Their erythrocytes have no ABO surface antigens and therefore do not react with the recipient's A or B antibodies. Historically, people with type O blood have been called universal donors because they usually can give blood to the other ABO blood types without causing an ABO transfusion reaction. On the other hand, if type A blood were donated to a person with type B blood, a transfusion reaction would occur because the person with type B blood has antibodies against the type A antigen, and agglutination would result. There would be no ABO transfusion reaction because the recipient has no antibodies against the type A antigen. For example, a person with type A blood could donate to another person with type A blood. Usually a donor can give blood to a recipient if they both have the same blood type. That’s why they are not important in donor blood, but their determining is quite essential in recipient blood.Ī donor is a person who gives blood, and a recipient is a person who receives blood. On the contrary, agglutinins are unstable comparatively to agglutinogens and they are easily destroyed while contact with side surface, while temperature changing. That’s why agglutinogens content is essential to be known, when blood is received from donor with its further usage for transmission. That’s why they contain practrically in all tissues of given organism and its fluids. High resistance to temperature, blood preservation terms are the characteristic of all agglutinogens. Both variants are accompanied by cells clumping. So, antigen-antibody interaction at room temperature is known as agglutination, at increased one – hemolysis. At room temperature, if one-named agglutinogens and agglutinins meet each other agglutination reaction occurs –the criterium of group characteristic. One can see conflict at blood hemotransfusions at meeting of one-named agglutinogens and hemolysines (they act at 37-40☌). There are also hemolysines in plasma and serum (they are designated like agglutinins). Blood of one individual can not have similar agglutinogens and agglutinins.

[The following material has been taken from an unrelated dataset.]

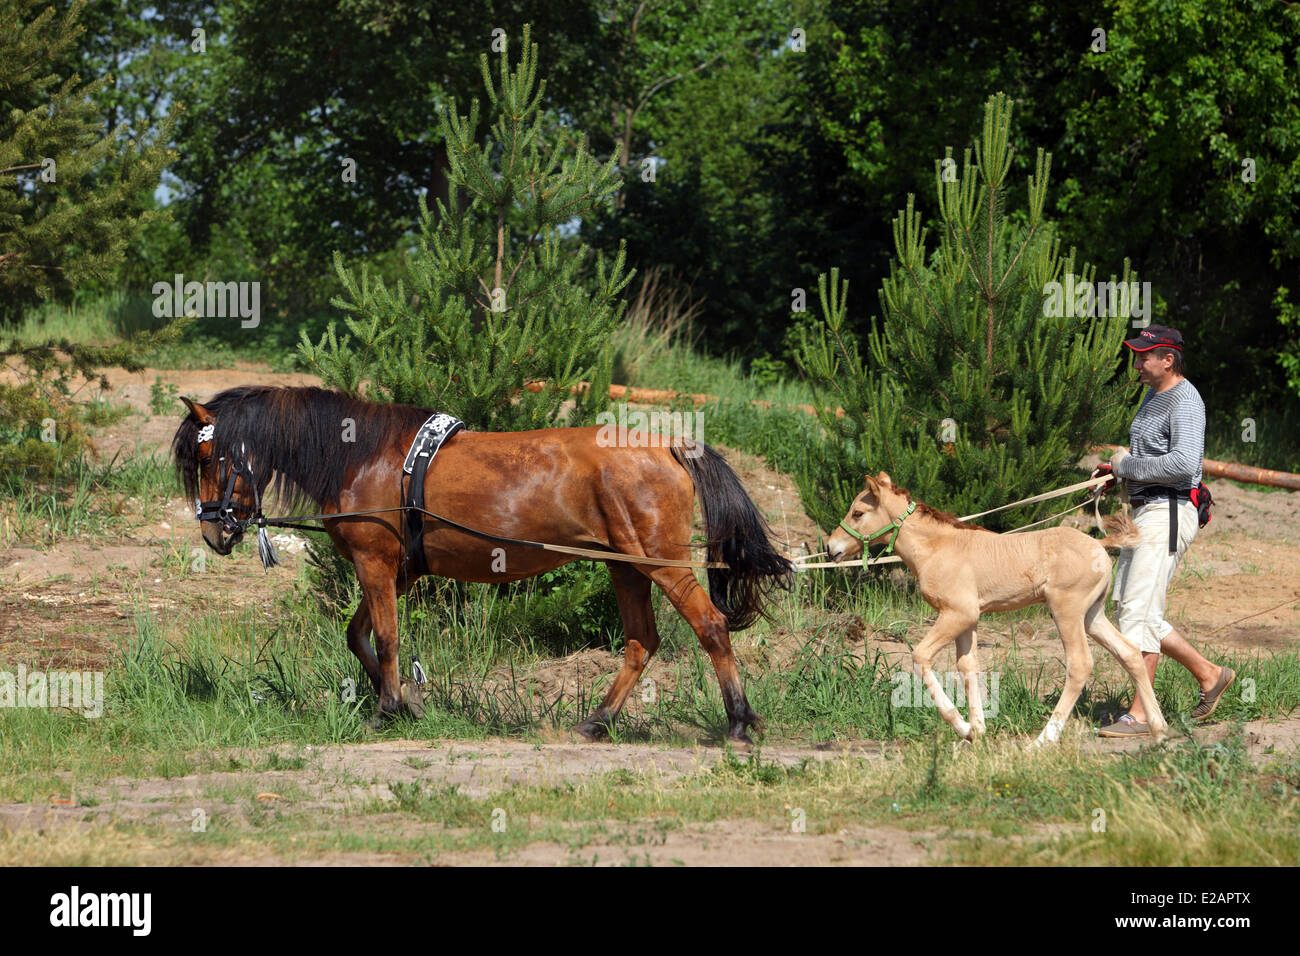 Training with reins in hand on control of young harness vyatka horse for Russian troika. Stock Photo

Also, the newborn baby has few if any agglutinins showing that agglutinin formation occurs almost entirely after birth.Īgglutinins are designated by letters б- and в.

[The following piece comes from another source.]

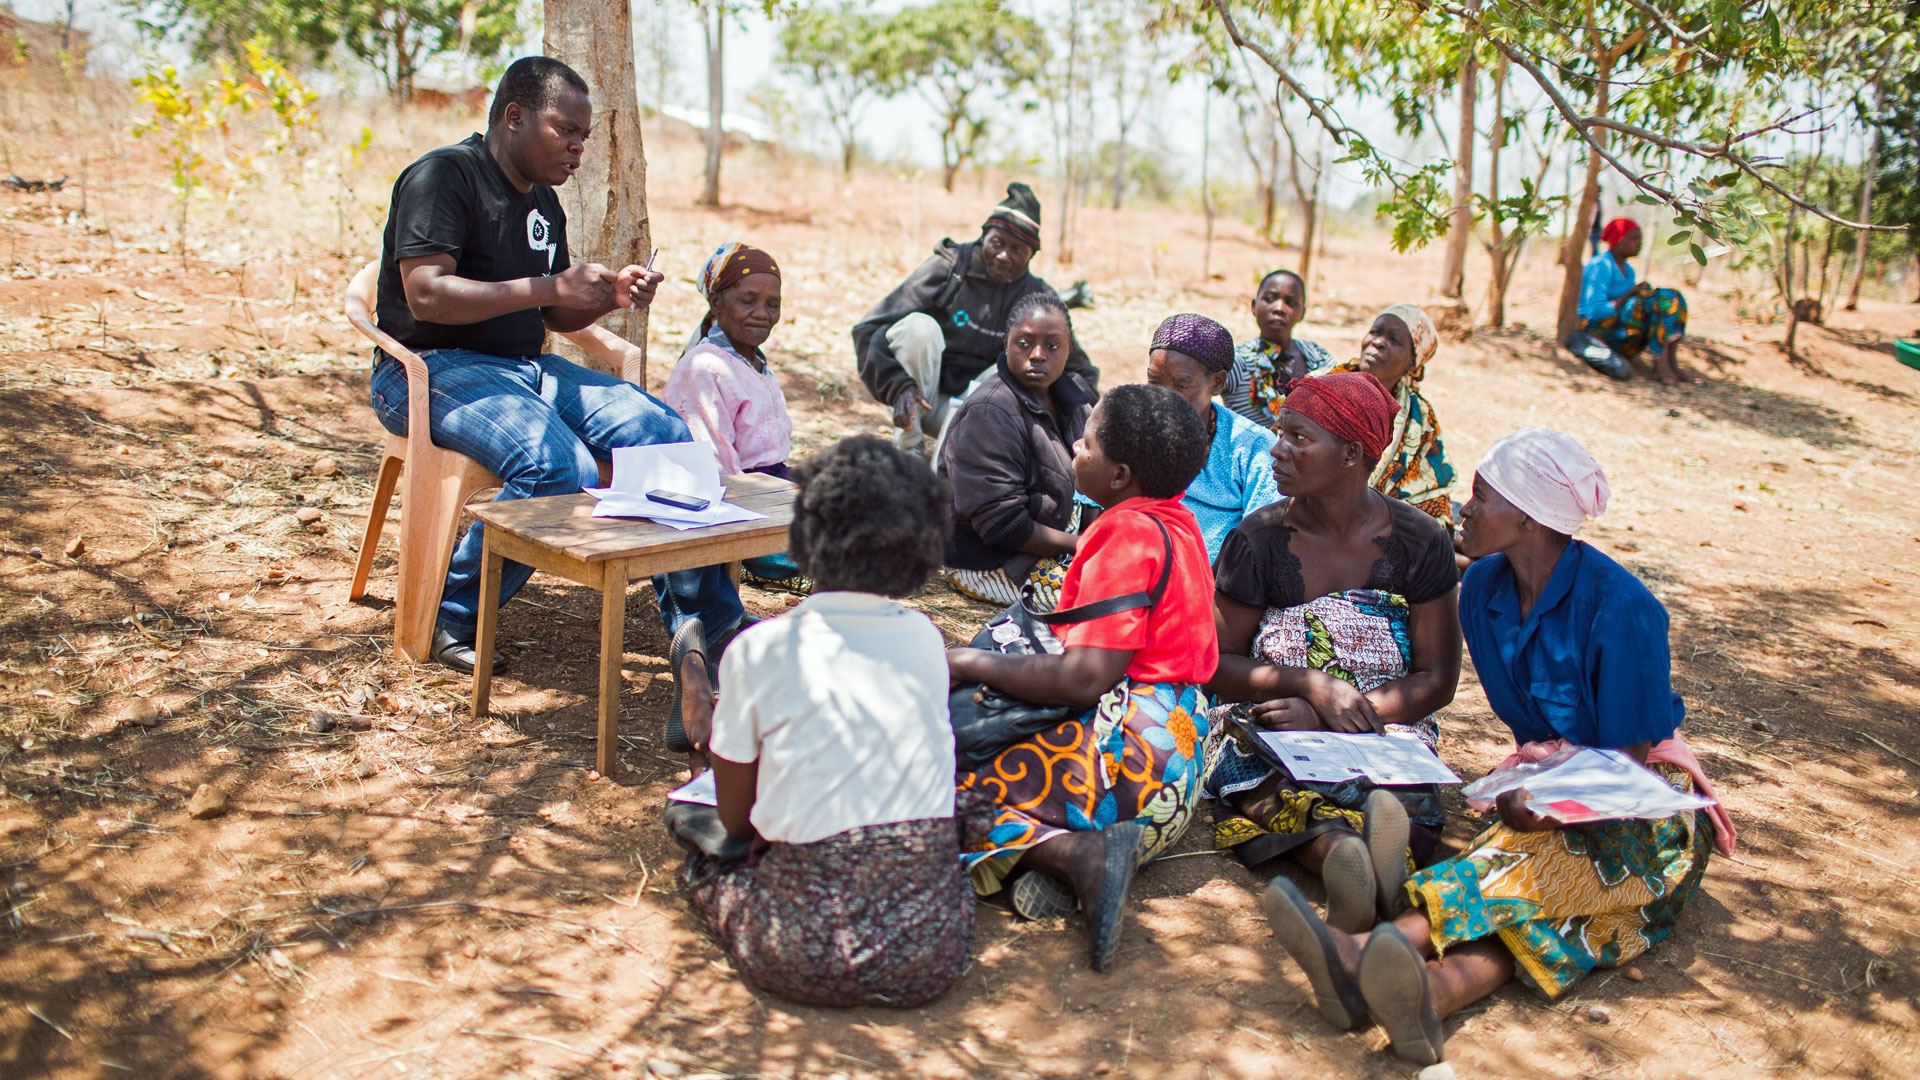 In the south of Malawi, small sums are paid out to extremely poor people as part of a social cash transfer programme.

One of the reasons for believing this is that injection of group A or group B antigen into a recipient having another blood type causes a typical immune response with formation of greater quantities of agglutinins than ever. Most of them are Ig G and M immunoglobulin molecules.īut why are these agglutinins produced in individuals who do not have the antigenic substances in their red blood cells? The answer to this seems to be that small amounts of group A and B antigens enter the body in the food, in bacteria, and in other ways, and these substances initiate the development of the anti-A or anti-B agglutinins. The agglutinins are gamma-globulins, as are other antibodies, and are produced by the same cells that produce antibodies to any other antigens.